Covering 7519 children and adolescents of Shenzhen during 2017, our school-based study firstly estimated the crude and standardized prevalence of prediabetes based on the FPG-only, HbA1c-only, and FPG-or-HbA1c diagnostic criteria. The results showed a high crude/standardized rate of prediabetes. The proportion of prediabetes was higher for males than females, and the prevalence decreased with grade for males but increased for females.
4.2. An overview on the prevalence of prediabetes
Considered prediabetes as having FPG in 5.6–7.0 mmol/l (i.e. IFG) or HbA1c in 5.7–6.4%, we found that the Shenzhen-standardized prevalence of prediabetes was 12.19% (13.01% for males and 11.15% for females; by FPG-or-HbA1c criterion). This rate exceeded that of several Chinese regions such as Beijing (1.35%; aged 6–18 years (13), Hebei (3.5% for total, 3.9% for males, and 3.1% for females; aged 13–18 years) (23), and Xinjiang (0.7%; aged 0–17 years) by the FPG-only criterion (24). However, the rate of Shenzhen was significantly lower than that of American adolescents (40.5%, by FPG-only and/or 2-h glucose; aged 12–14 years) (25), Emirati (21.9%, by combined FPG and HbA1c, aged 11–17 years) (26), Mexico (18.3%, by FPG-only and/or 2-h glucose; aged 6–18 years) (27), the USA (16.1% for total, 22.4% for males, and 9.5% for females; by FPG-only or 2-h glucose; aged 12–19 years) (28). The differing prevalence rates may result from variations in the sampling method, participant age, ethnicity, region, sampling size, diagnostic criteria, and research period (27, 29).

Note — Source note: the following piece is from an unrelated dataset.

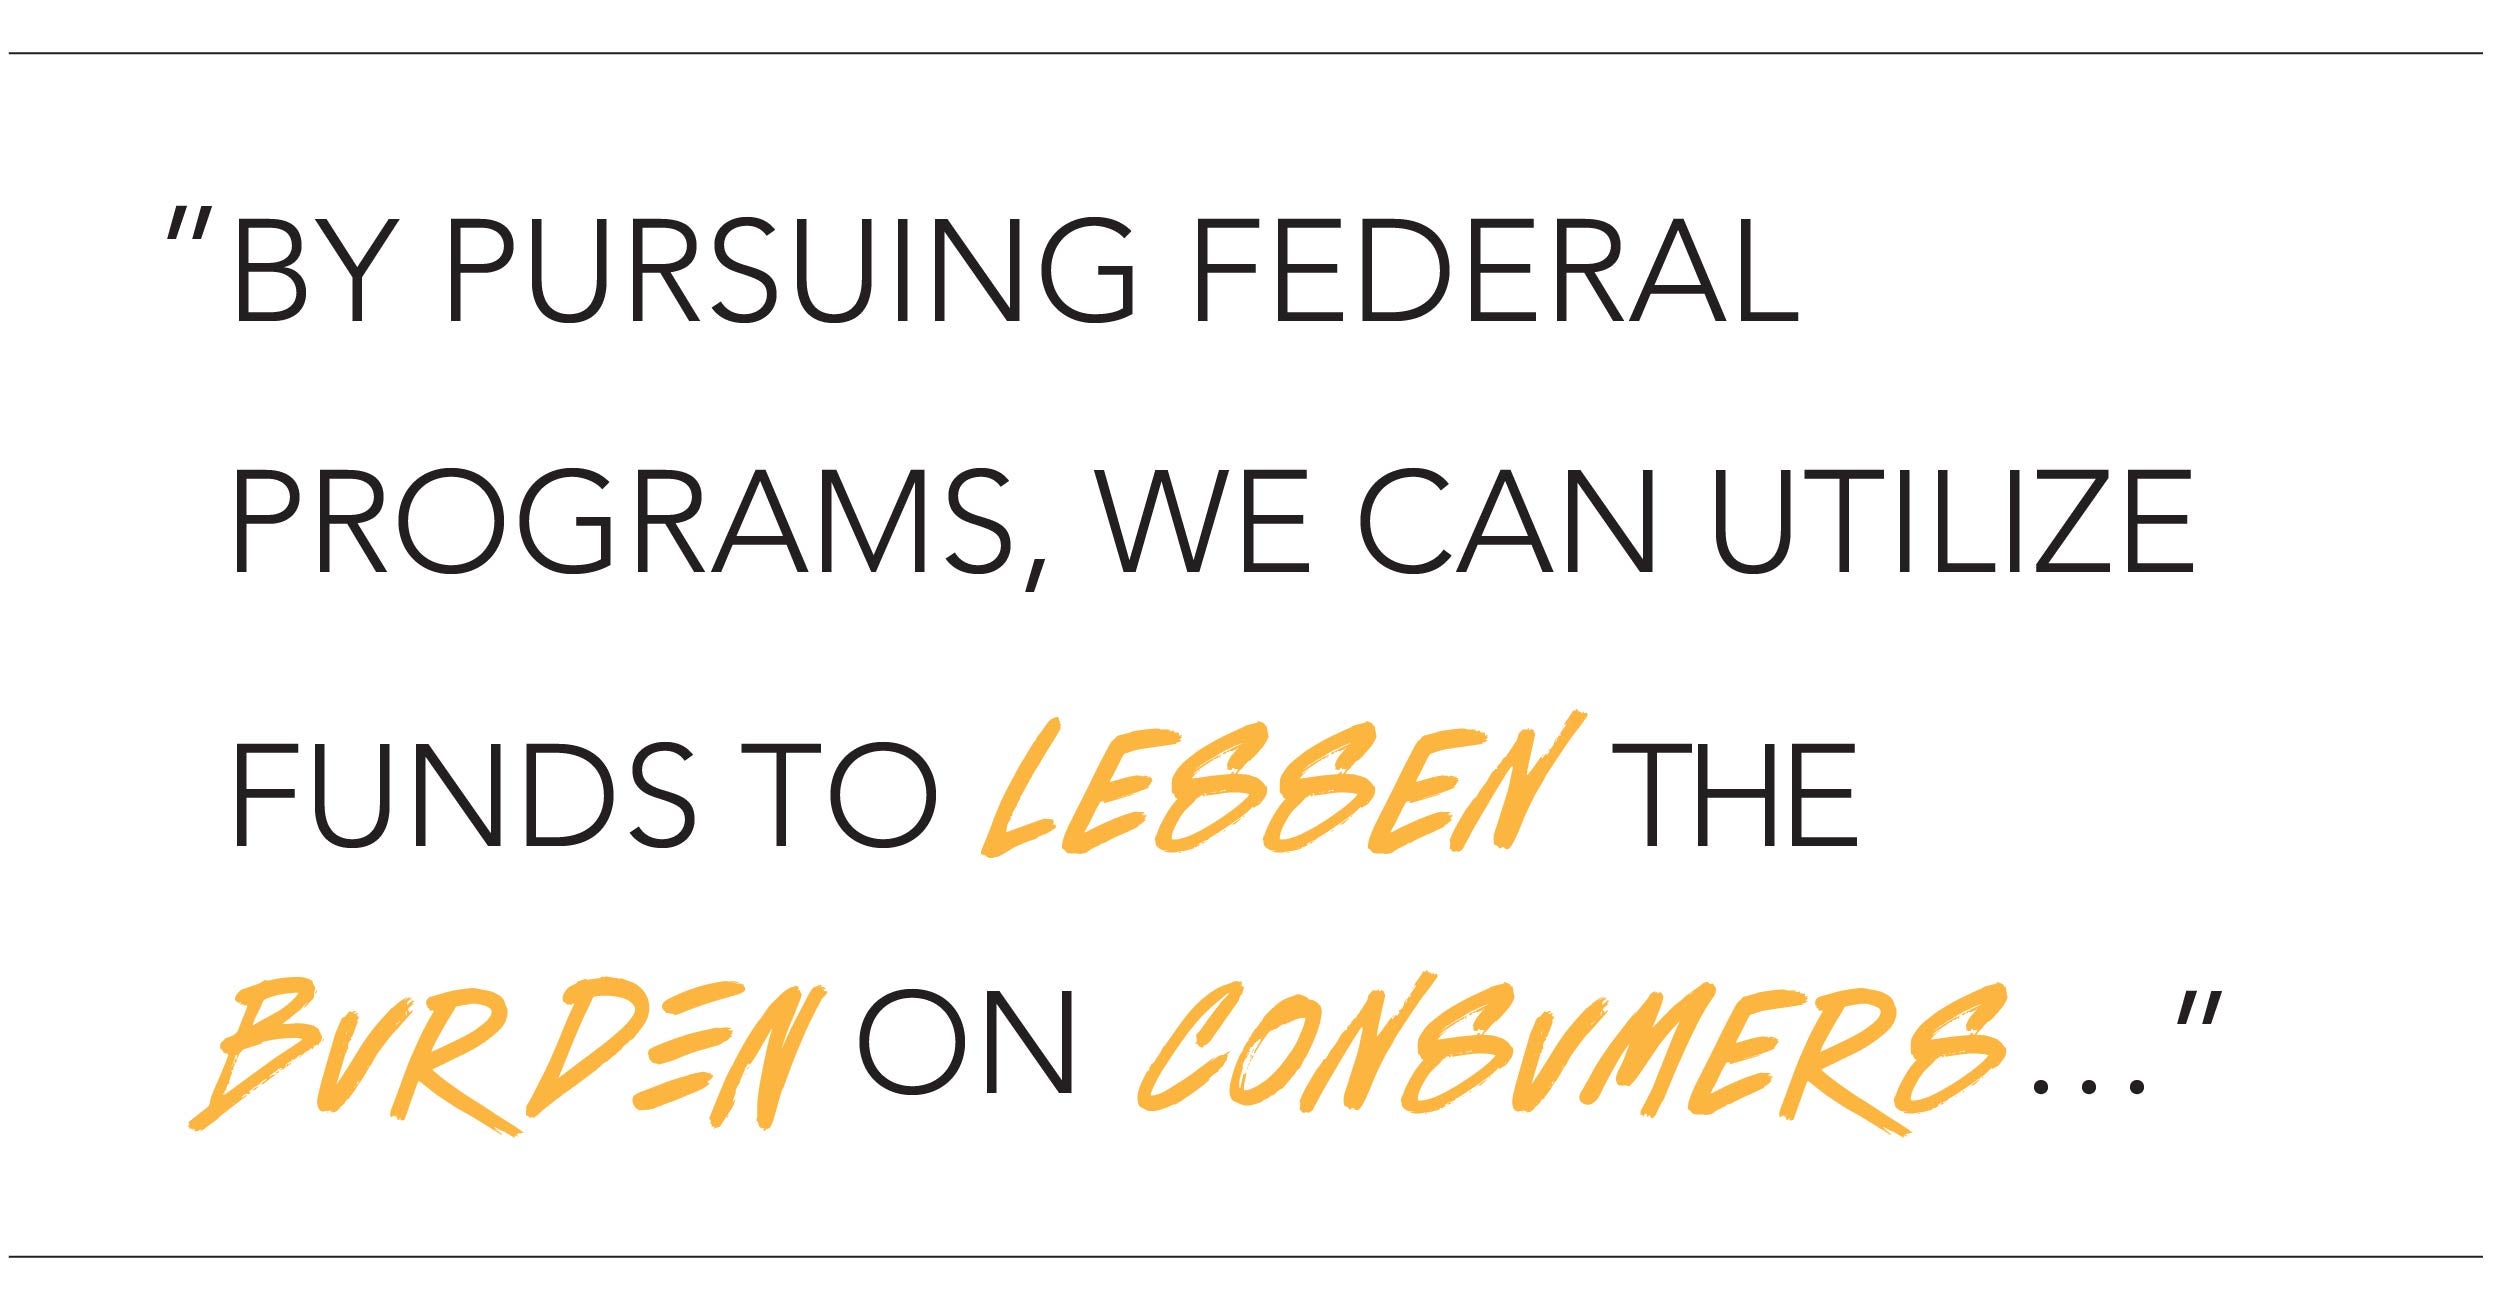 By pursing federal programs, we can utilize funds to lessen the burden on consumers...

4.3. FPG and HbA1c diagnostic criteria
Our study presented that HbA1c values were weakly correlated with FPG values, especially for females. Several other surveys on the diadynamic criteria of diabetes and prediabetes among minors or adults also revealed similar findings (19, 30–32). For instance, a retrospective study among German children and adolescents showed a poor correlation of FPG with HbA1c (r = 0.18) (32), and a Korean study also disclosed that the kappa coefficient of agreement between FPG and HbA1c was 0.396 (95% CI, 0.356–0.459) in obese children and adolescents (31).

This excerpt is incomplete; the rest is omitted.